The  Notice of Proposed Rulemaking (RM19-5-000) proposes to require each public utility transmission provider with transmission rates under an Open Access Transmission Tariff , a transmission owner tariff or a rate schedule to revise those rates to account for changes caused by the Tax Cuts and Jobs Act. These proposed reforms are designed to address the tax law’s effects on the Accumulated Deferred Income Taxes (ADIT) reflected in their transmission rates.

Under these reforms, all public utilities with transmission formula rates would:

– include mechanisms to deduct any excess ADIT from or add any deficient ADIT to their rate bases;
– include mechanisms in those rates that would raise or lower their income tax allowances by any amortized excess or deficient ADIT; and
– incorporate a new permanent worksheet into their rates that will annually track information related to excess or deficient ADIT.

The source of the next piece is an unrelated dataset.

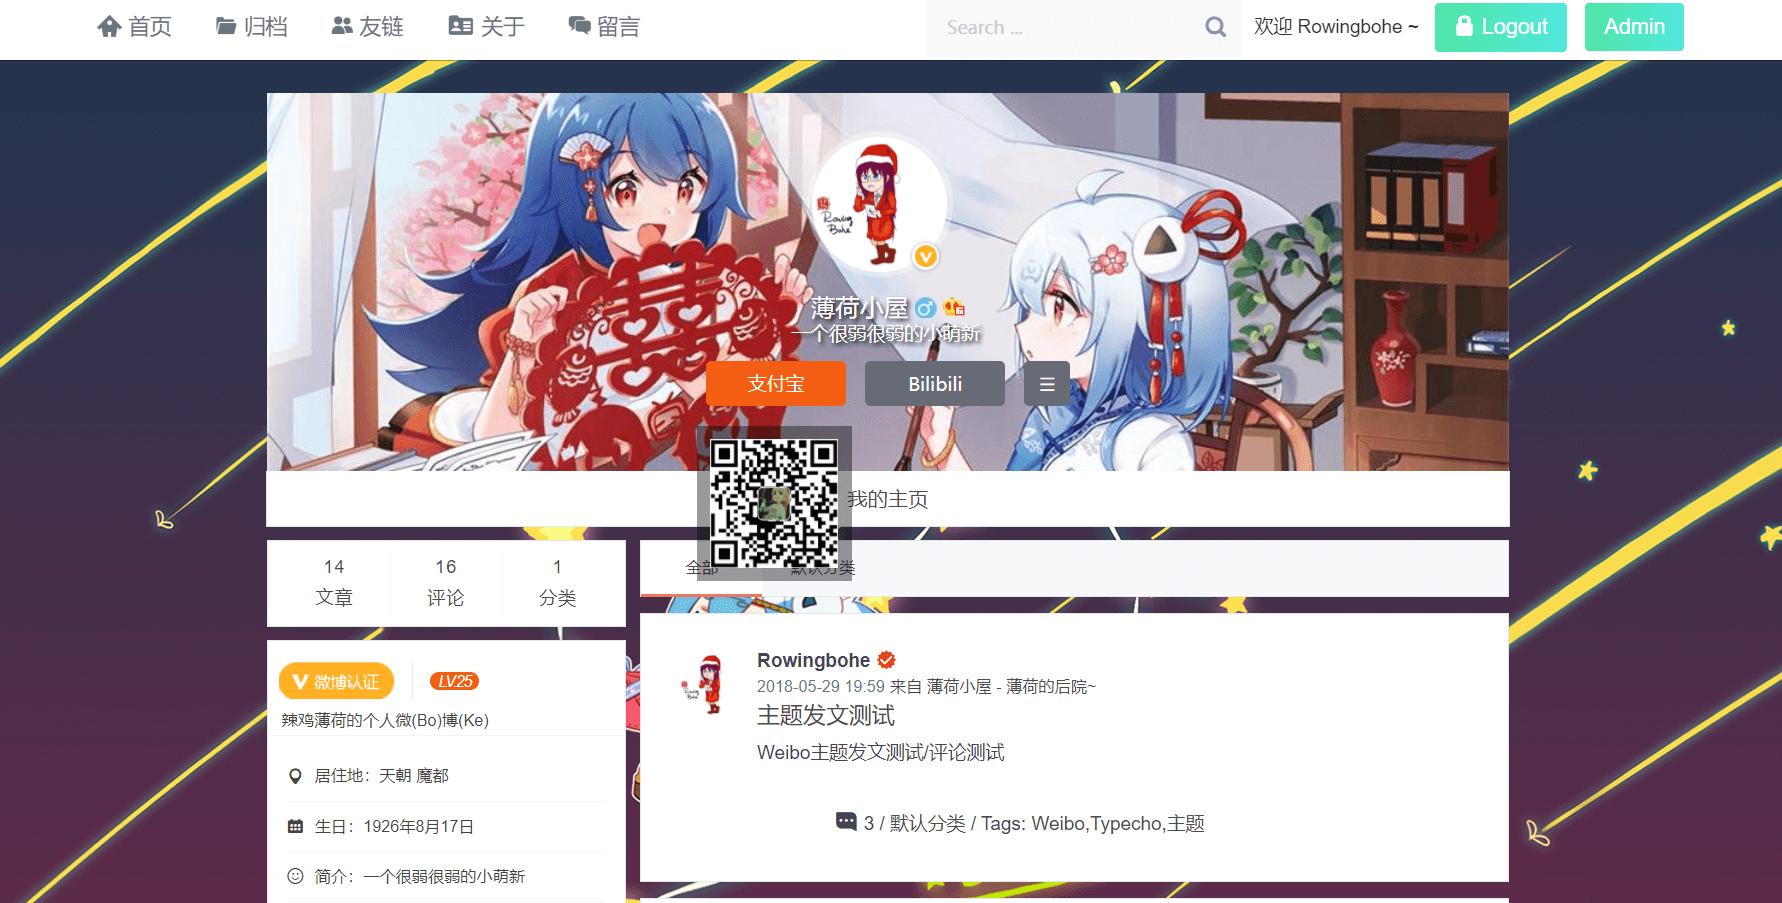 Typecho 仿新浪微博主题 Weibo

All public utilities with transmission stated rates would determine the amount of excess and deferred income tax caused by the reduced federal corporate income tax rate, and return or recover this amount to or from customers.

The policy statement (PL19-2-000) provides accounting and ratemaking guidance for treatment of ADIT for all FERC-jurisdictional public utilities, natural gas pipelines and oil pipelines. The policy statement also addresses the accounting and ratemaking treatment of ADIT following the sale or retirement of an asset after December 31, 2017.

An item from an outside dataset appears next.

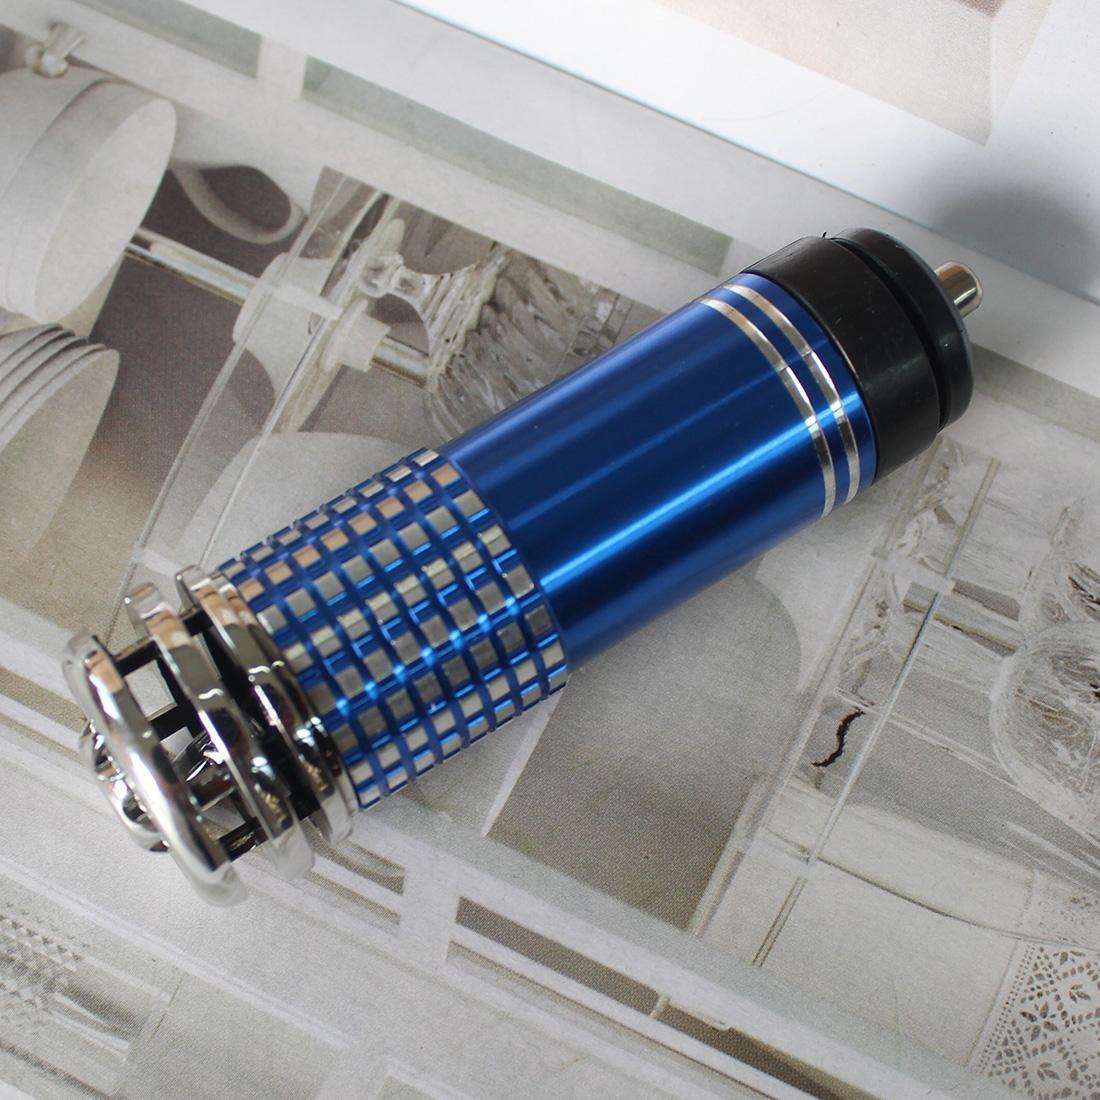 2016 12 V mobil mini Udara Segar ionik alat pembersih bar oksigen ozon Ionizer tenaga pembersih

Among other tax law-related actions taken, FERC accepted three interstate natural gas pipeline rate reduction filings and one settlement stemming from implementation of Order No. 849, approved in July. Order No. 849 requires pipelines to provide, through a one-time report, the FERC Form No. 501-G, an estimate of their returns on equity before and after the new tax law and changes to the Commission’s tax allowance policies. The actions accept filings for Millennium Pipeline Company, L.L.C., North Baja Pipeline LLC, and Vector Pipeline L.P., and accept a settlement for Kern River Gas Transmission Company.

FERC also approved an accounting request from the Edison Electric Institute (AC18-59-000) related to recording a reclassification of any stranded tax effects from Tax Reform. Lastly, FERC acted on 46 of the Federal Power Act section 206 show-cause investigations initiated in March, in which the Commission directed certain public utilities whose transmission tariffs specifically reference tax rates of 35 percent to reduce their tax rates to 21 percent or show why they did not need to do so.